- Interactive map of the SOFAZ Tower area
- Alternative names: State Oil Fund of Azerbaijan Tower

General information
- Status: Completed
- Type: Skyscraper
- Architectural style: Modern
- Location: Nizami, Baku, Azerbaijan
- Coordinates: 40°24′51″N 49°54′07″E﻿ / ﻿40.4141°N 49.9019°E
- Construction started: 2011
- Completed: 2014
- Cost: 84.916.000 $

Height
- Height: 140 m (460 ft)

Technical details
- Floor count: 24
- Floor area: 27.000 m2

Design and construction
- Architecture firm: Inter Art Etudes (France) and M.D.M. LLC (Azerbaijan).
- Developer: N.V. BESIX S.A.

Other information
- Parking: 150

= SOFAZ Tower =

SOFAZ Tower is a multi-story building located in Baku, the capital of Azerbaijan. The skyscraper is the administrative building of the State Oil Fund of the Republic of Azerbaijan (SOFAZ), the project incorporates the latest technological innovations that are in line with the highest international standards and elements of the 9 carpet schools in Azerbaijan.

== History ==
To build a new administrative building of the State Oil Fund of Azerbaijan (SOFAZ) under the Order No. 367s of the Cabinet of Ministers of the Republic of Azerbaijan dated December 29, 2009, 0.64 hectares of land in 6th Kondalan Street, Nizami district, were transferred to the balance of the Fund. On that day, President Ilham Aliyev attended the solemn laying ceremony of his foundation.

On December 20, 2011, N.V. Besix S.A. a bilateral agreement on construction was signed with the company-builder. After that, the active phase of the construction of the SOFAZ Tower building started. N.V. Besix S.A. the company won the tender as a result of the procurement tender following Article 48 of the Law of the Republic of Azerbaijan "On public procurement" based on the agreement of the State Procurement Agency of the Republic of Azerbaijan and on December 20, 2011, the State Oil Fund and Besix-Az Besix consortium a relevant procurement contract was signed for €84,916,000. Local and foreign subcontractors have been involved in the construction of the building by the general contractor.

The construction and design work of the building has been completed over 5 years. The construction project of the building was developed by the French company "Inter Art Etudes". The construction process was carried out under the auspices of the American company AECOM, "N.V. Besix SA"

==Details of the project==

The building consists of 24 floors and 2 underground floors, with a height of 117 meters and a roof terrace of 140 meters. The total area of the building is 13,000 square meters. Along with a two-story underground parking, a new 26-storey building features a three-story Podium, 18 open-type office floors, three technical floors, and a library, a museum, a conference hall for 200 people, meeting rooms, restaurants, etc. available.

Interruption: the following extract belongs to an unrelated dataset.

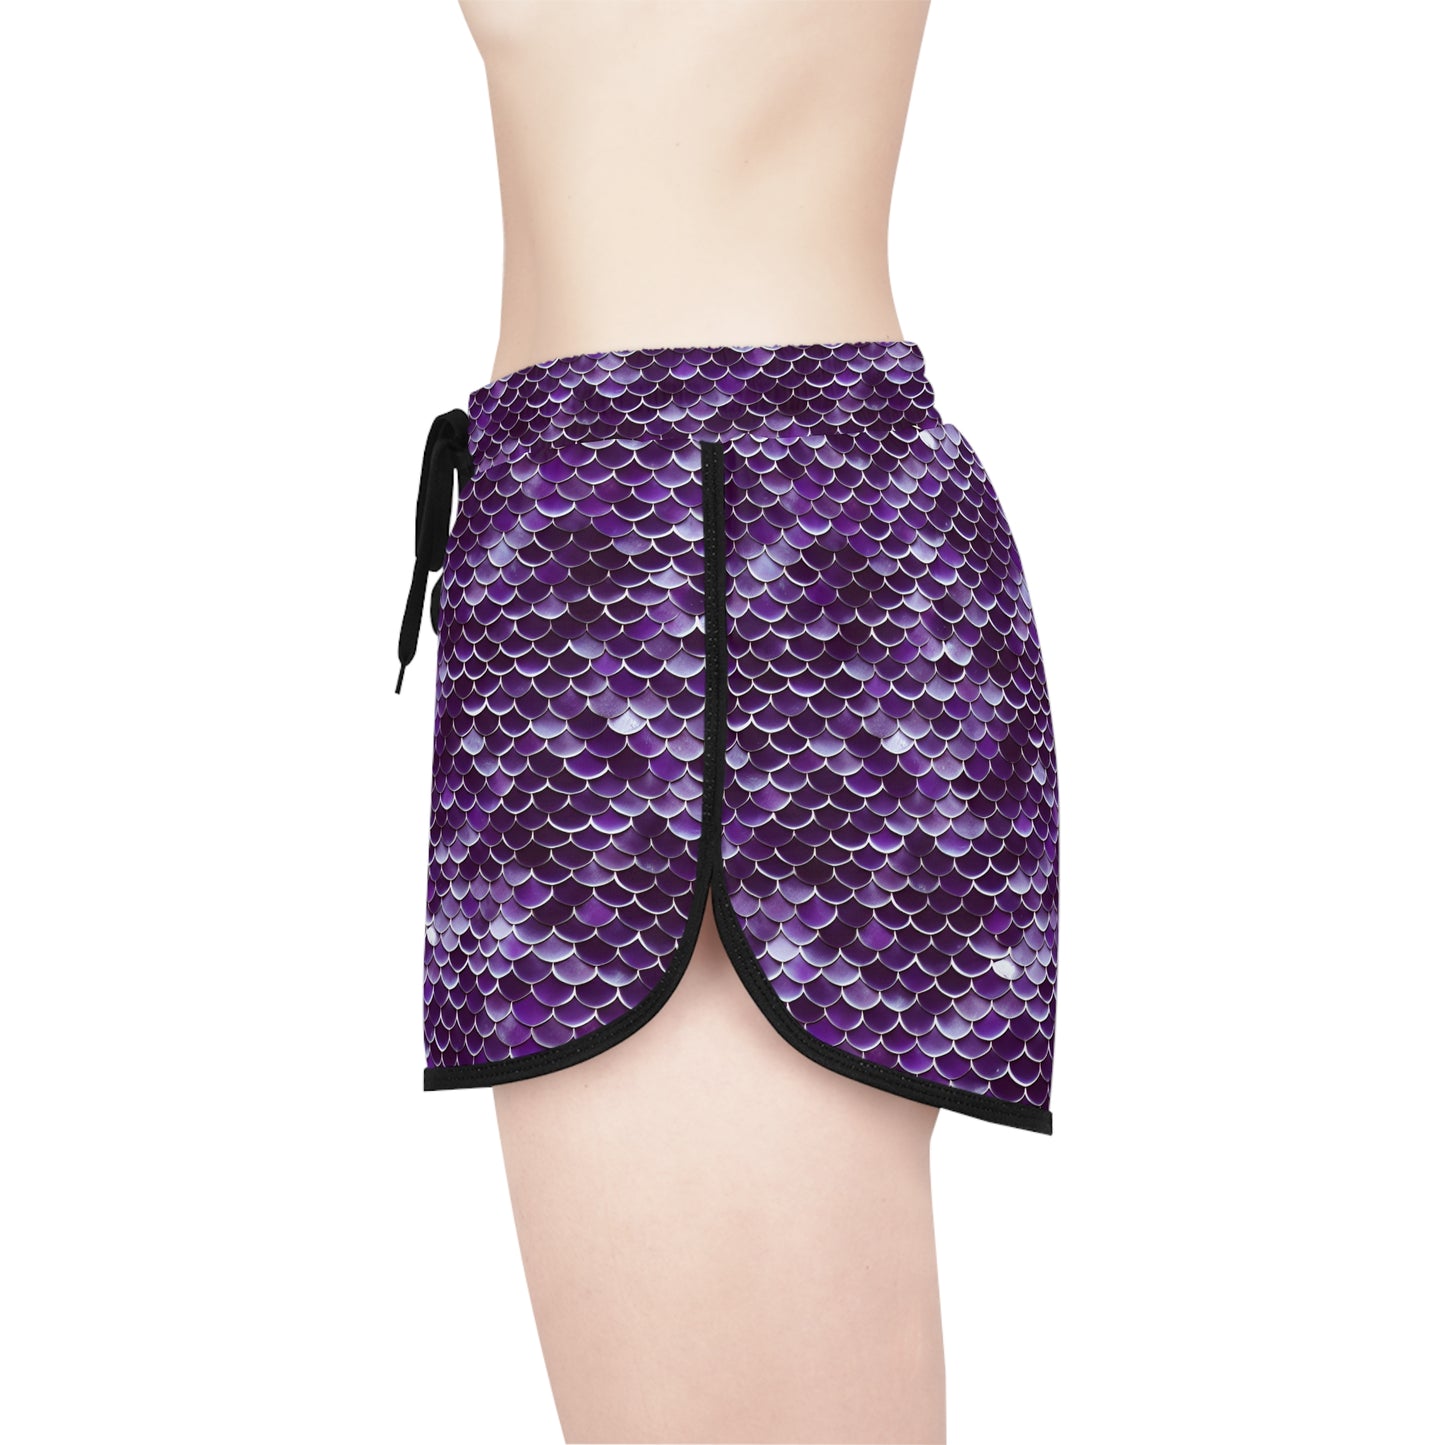 Fantasy Purple Mermaid Scales Women's Relaxed Shorts Ocean Inspired Design, Beach, Pool, Gym, Workout Wear, Athleticwear, Beachwear
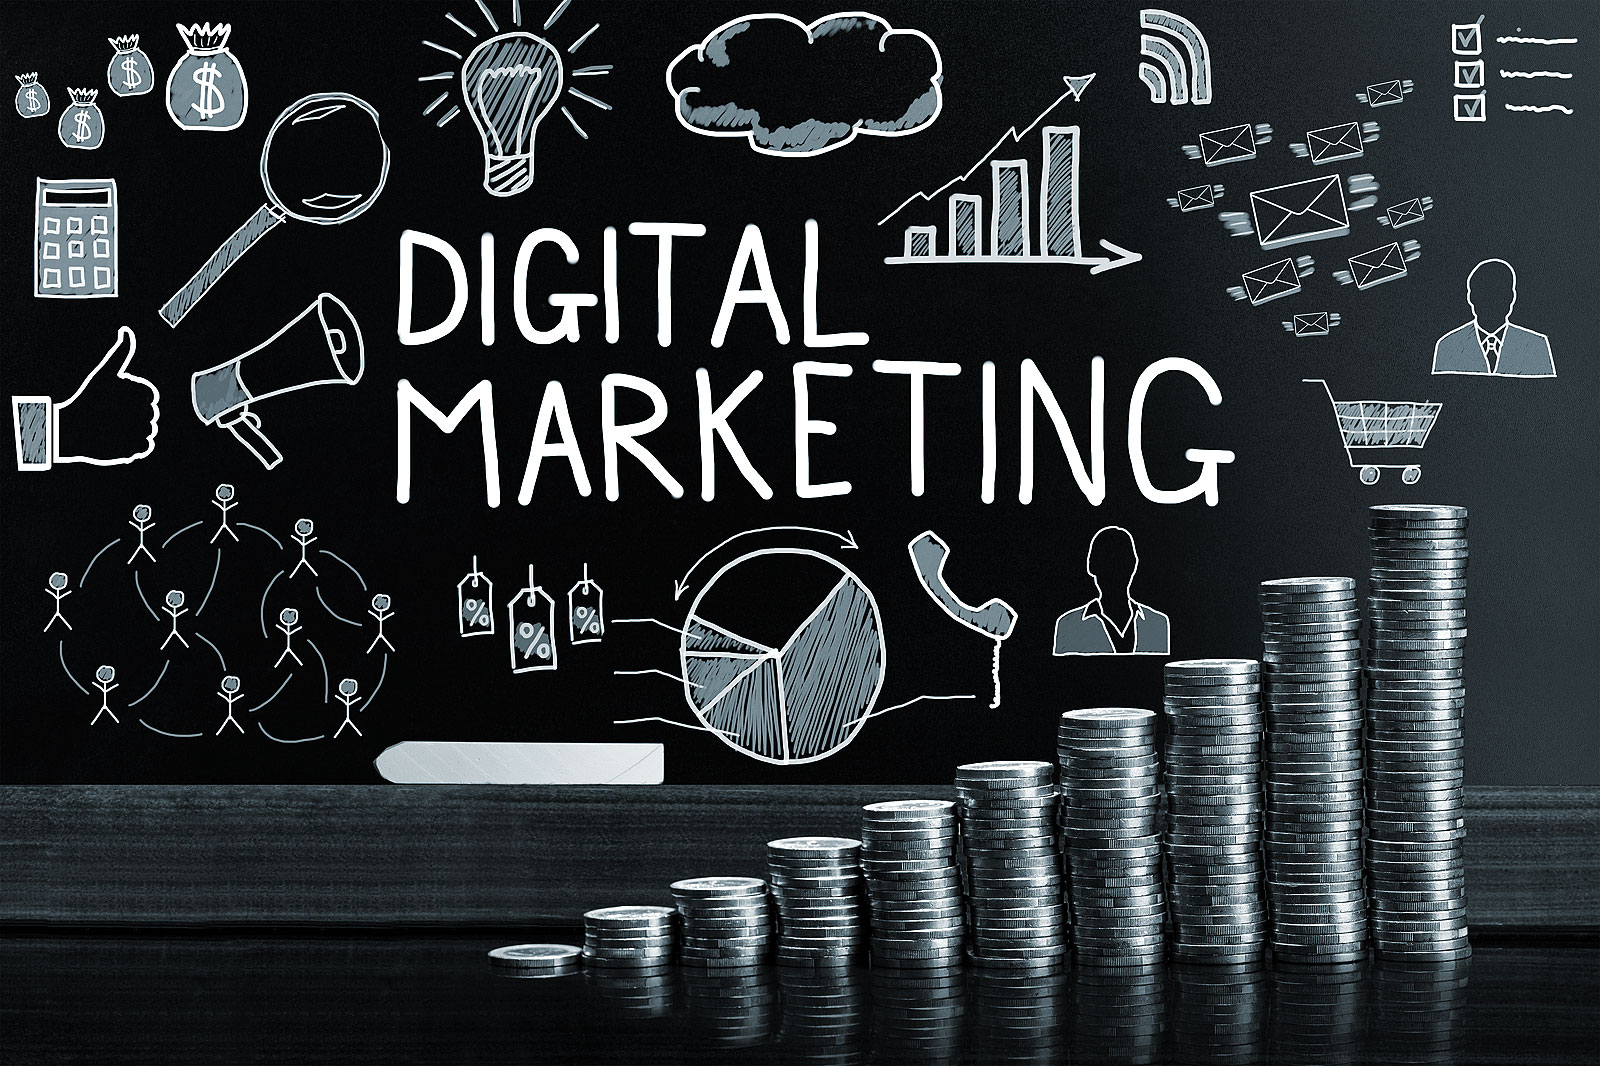 digital marketing courses

The building has a double façade. It is designed to meet the requirements of sustainability and energy efficiency, which considers the application of modern technological systems, as well as the concept of intellectual technological infrastructure, and meets the requirements of the Green Building category. The interior design of the building is based on A classroom office building standards, considering the national cultural heritage of Azerbaijan.